YAMAHA YZ 250FX - MALANG : Hot Cam & Kompresi 13,5 : 1 Modal Fight vs Rider Bule

SETELAH MARAK dan berlangsung dengan status menjadi even tunggal supermoto dan tak lagi menjadi kelas eksebisi di road race, crosser aktif makin banyak turun dan ikut berlaga. Sipnya tak ada lagi istilah jawara,


"optimis Edit Wahid Dinaryo rider yang berlaga di kelas SM 250 cc open asal tim WTJ Samarinda, Malang. Putra H. Udin itu di tahun 2016 kejuaraan FIM Asia Supermoto sukses jadi jawara ke 3, menghadapi rider dunia. Dan pekan silam di even ISC, Edit mesti puas di urutan ke 6.

Itu lantaran, sirkuit yang diaplikasi tekhnikal. Sehingga, membutuhkan adaptasi baru lagi, untuk menekuk kuda besi ber-wheelbase panjang di handycap tajam.

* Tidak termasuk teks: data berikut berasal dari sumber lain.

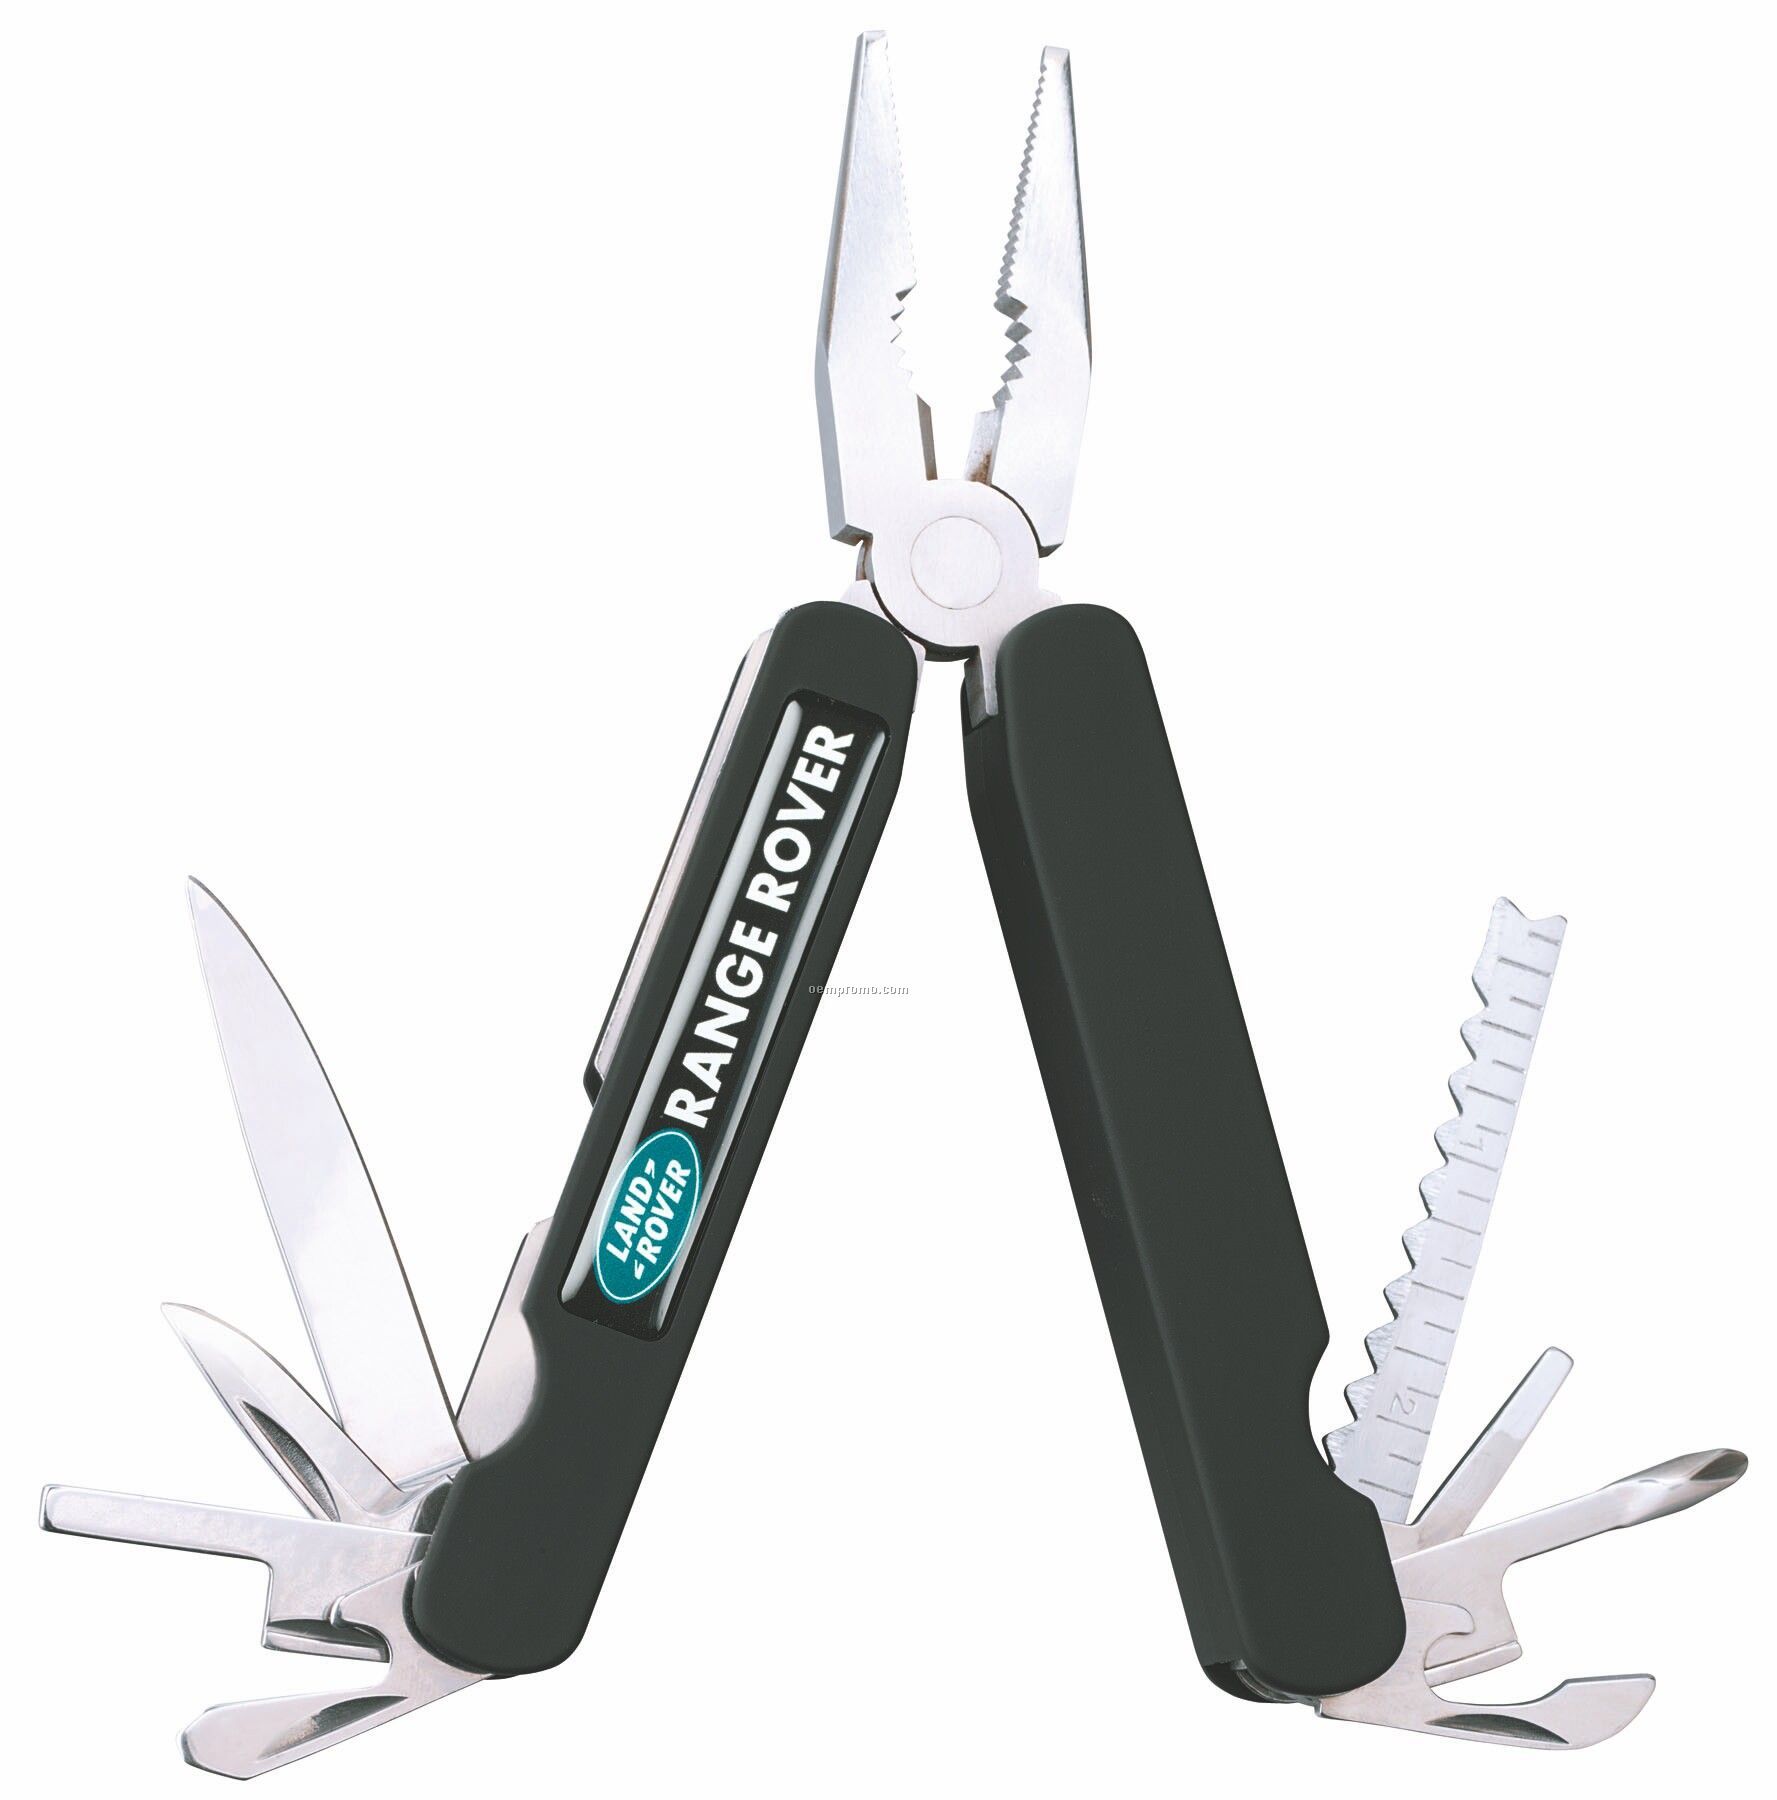 Expedition Multi-tool W/ Screwdriver, Opener, Knife, Ruler

Kendati brake assy sudah dikanibal dari Yamaha R1 berlabel Bremboo.



Tuner kawak Kuncung asal Malang, yang memback up kuda besi pacuan Edit, mulai meraba dan merubah tipikal power untuk menyesuaikan tipikal sirkuit supermoto terbaru. Disini HP dan torsi berusaha dimuntahkan sebanding, sejak di gasingan bawah dan tengah.

Pasalnya, kebutuhan power mesin tak lagi ditujukan untuk melawan tebalnya gravel dan pasir. Konteks demikian ini, konversi distribusi power mesin dialihkan pada percepatan gigi 1 sampai 5 lebih rata.

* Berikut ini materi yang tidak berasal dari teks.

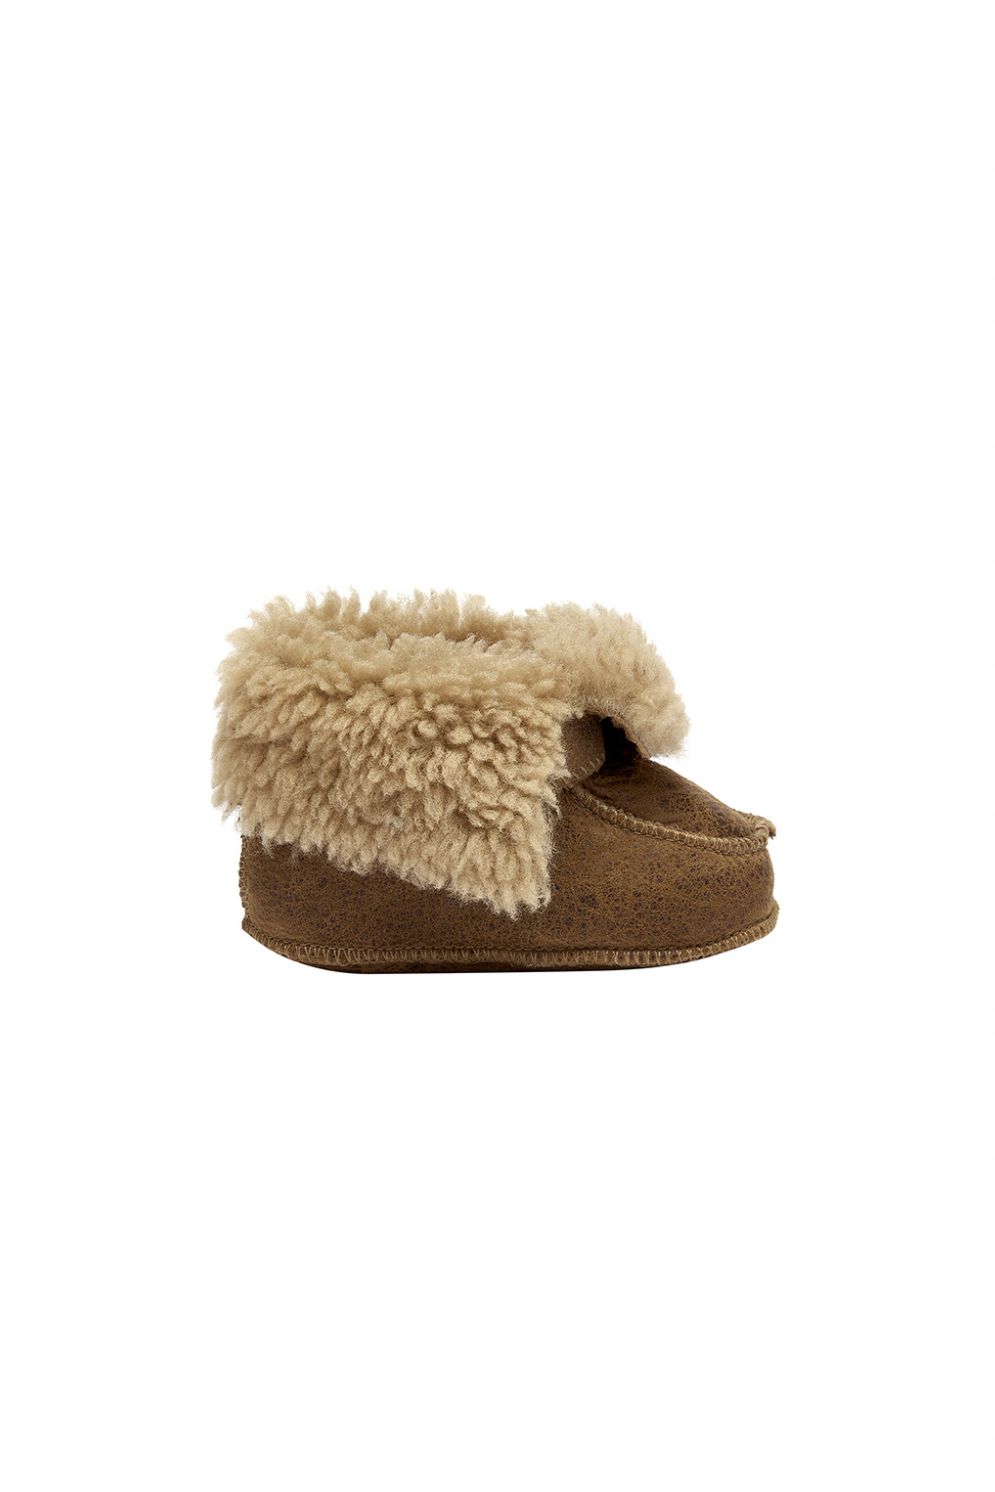 Gushlow & Cole Sheepskin Baby Boots-brown,camel

Termasuk pada pacuan Edit, yang kini mengusung perbandingan kompresi 13,5 : 1, yang diback up piston Wiseco dengan spesifikasi perbandingan kompresi 12,7 : 1. Jadi, disini ada perubahan tinggi blok silinder yang dipangkas 0,8 mm.

Aplikasi piston Wiseco juga berdasar dari susunan ring kompresi no 1 lebih tinggi dibanding standarnya. "Sehingga, ada perbandingan tenaga yang signifikan, "urai Edit.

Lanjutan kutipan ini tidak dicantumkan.